◆ Problem to work on: Return the data that follows exactly as it appears. Pictures do not belong in the copy.

◆ Data shown:

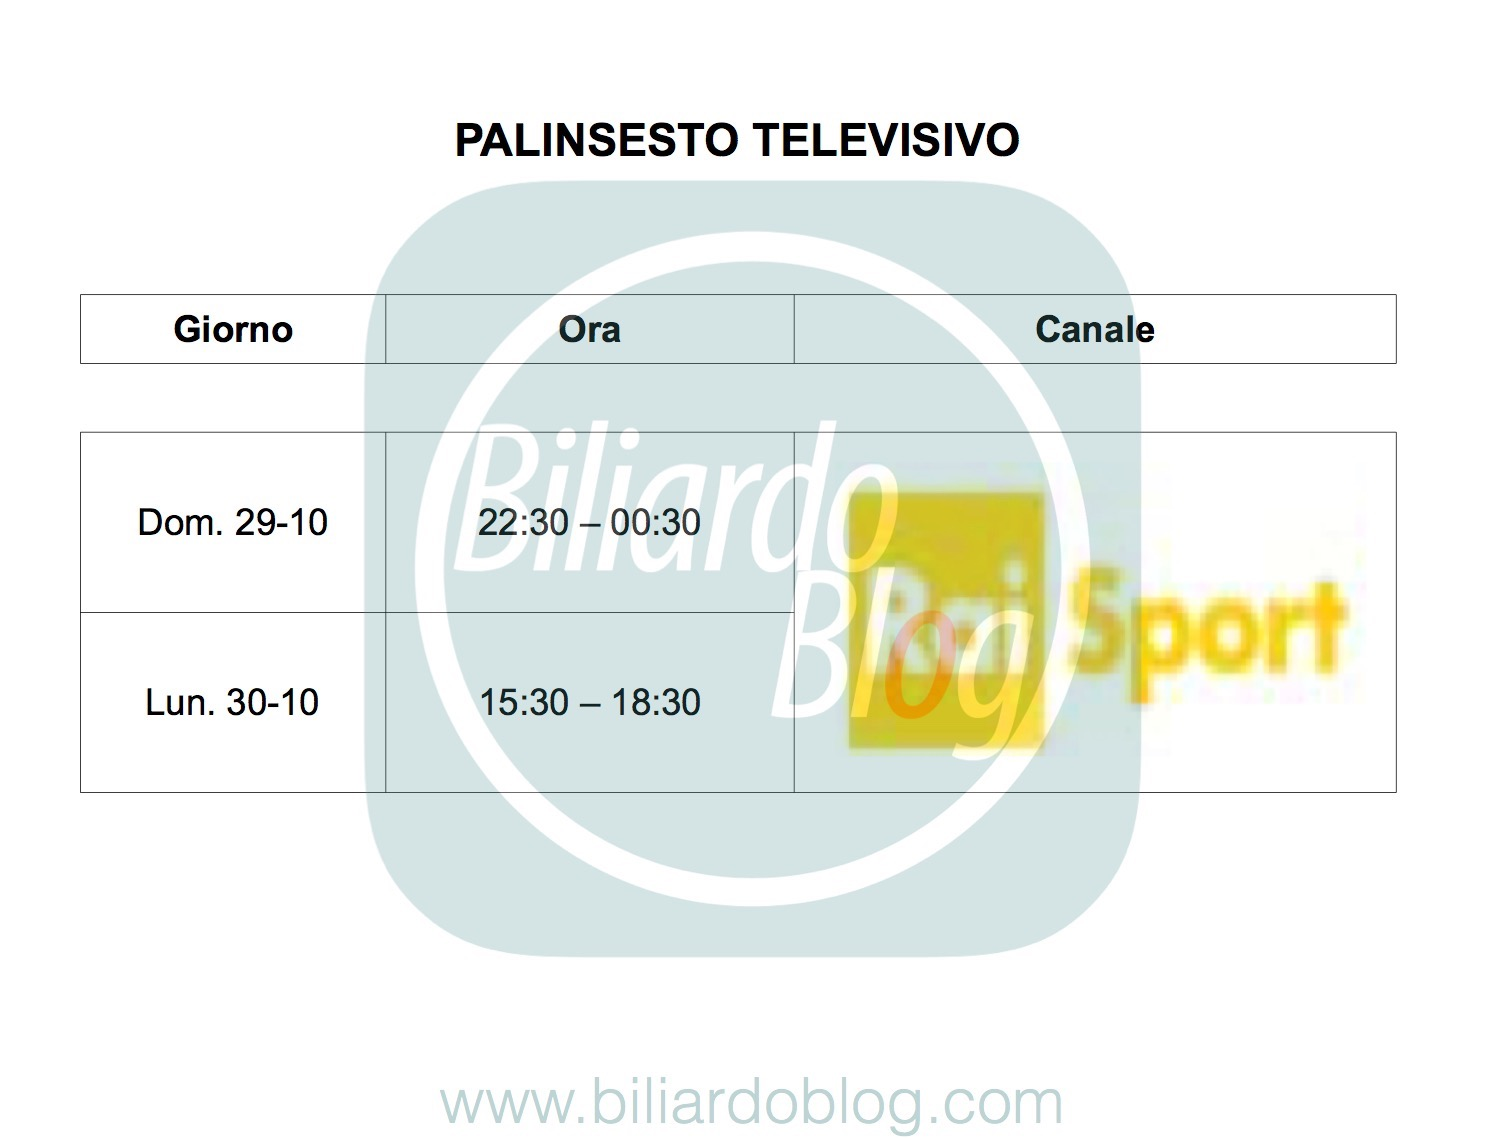 Campionato BTP di Biliardo 2017 2018: palinsesto Rai
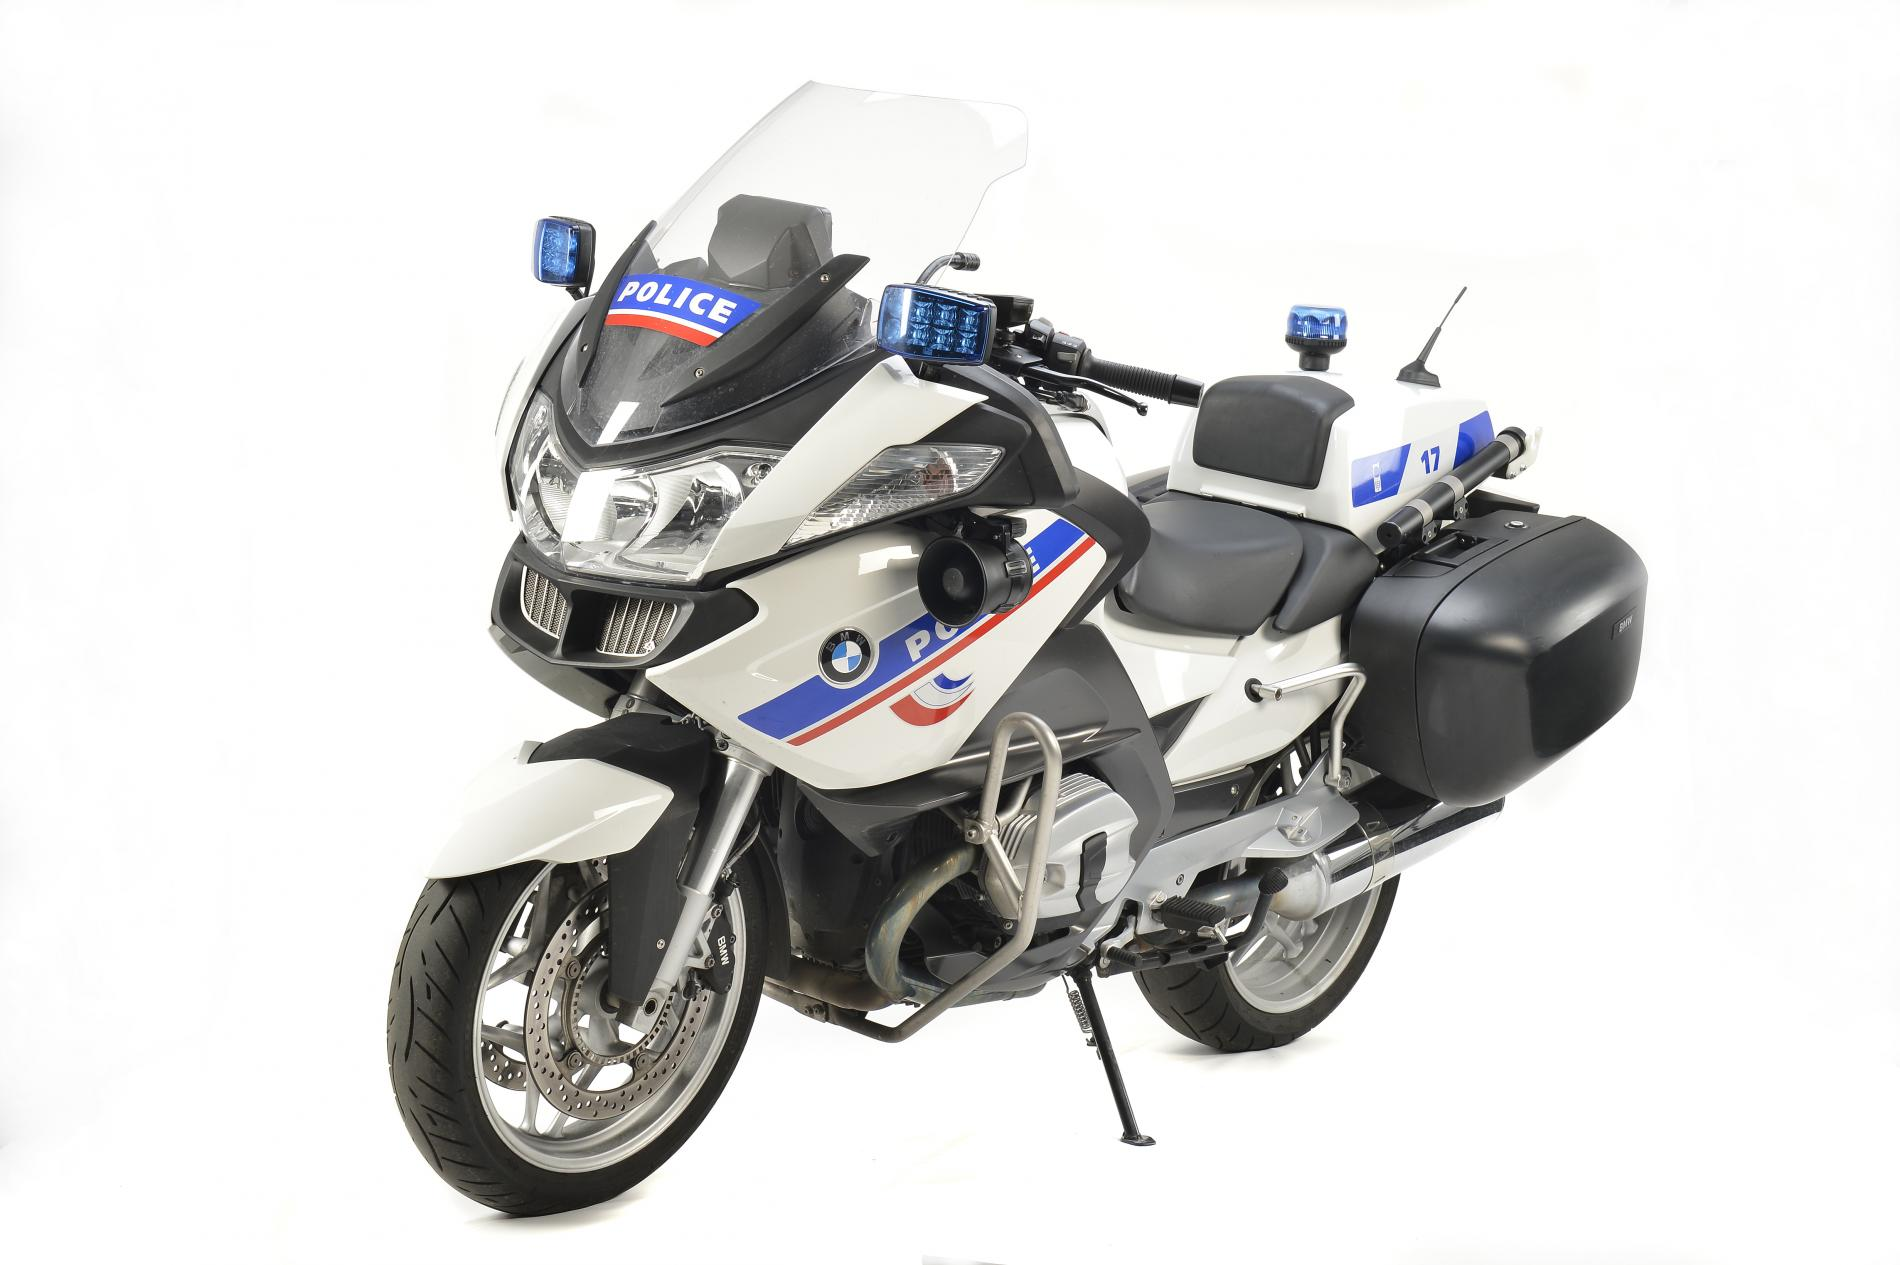 Bmw R1200rt Police Nationale Moto Bmw
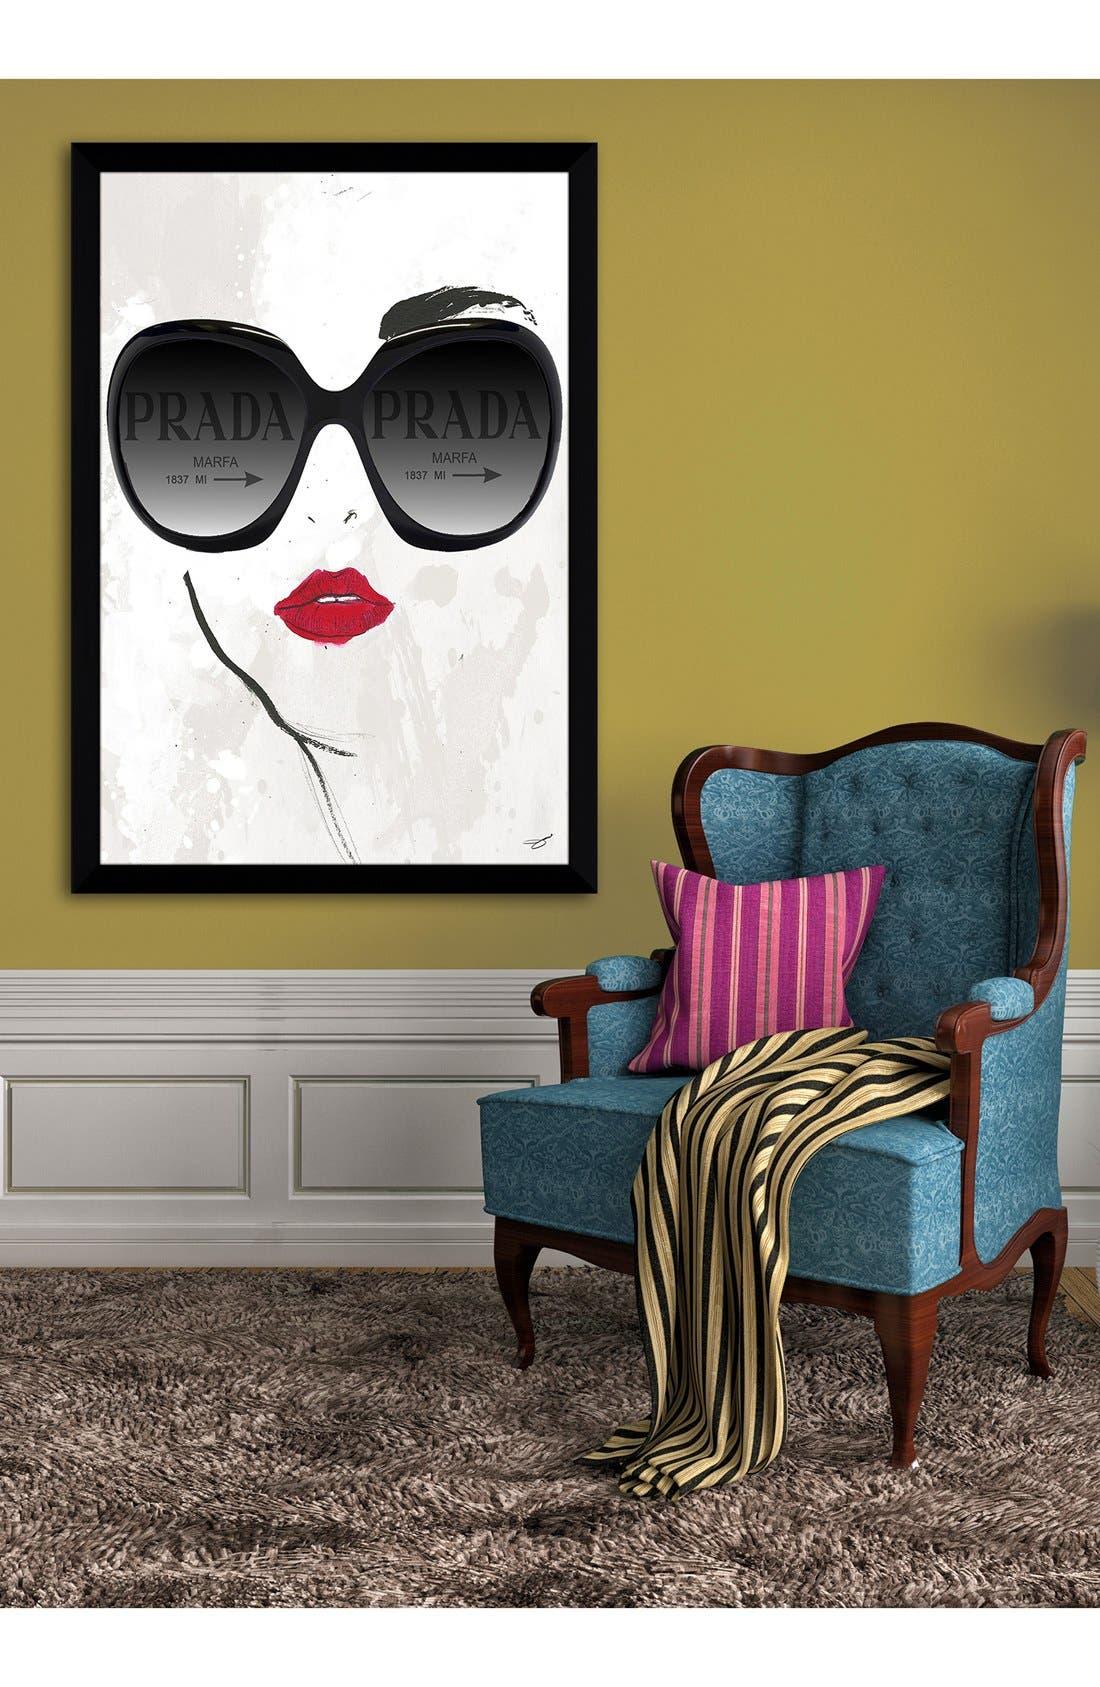 Alternate Image 2  - Picture Perfect 'Prada Sunnies' Fine Art Print

◆ Exercise solution:
 Campionato BTP di Biliardo 2017 2018: palinsesto Rai
 Bmw R1200rt Police Nationale Moto Bmw
 Alternate Image 2  - Picture Perfect 'Prada Sunnies' Fine Art Print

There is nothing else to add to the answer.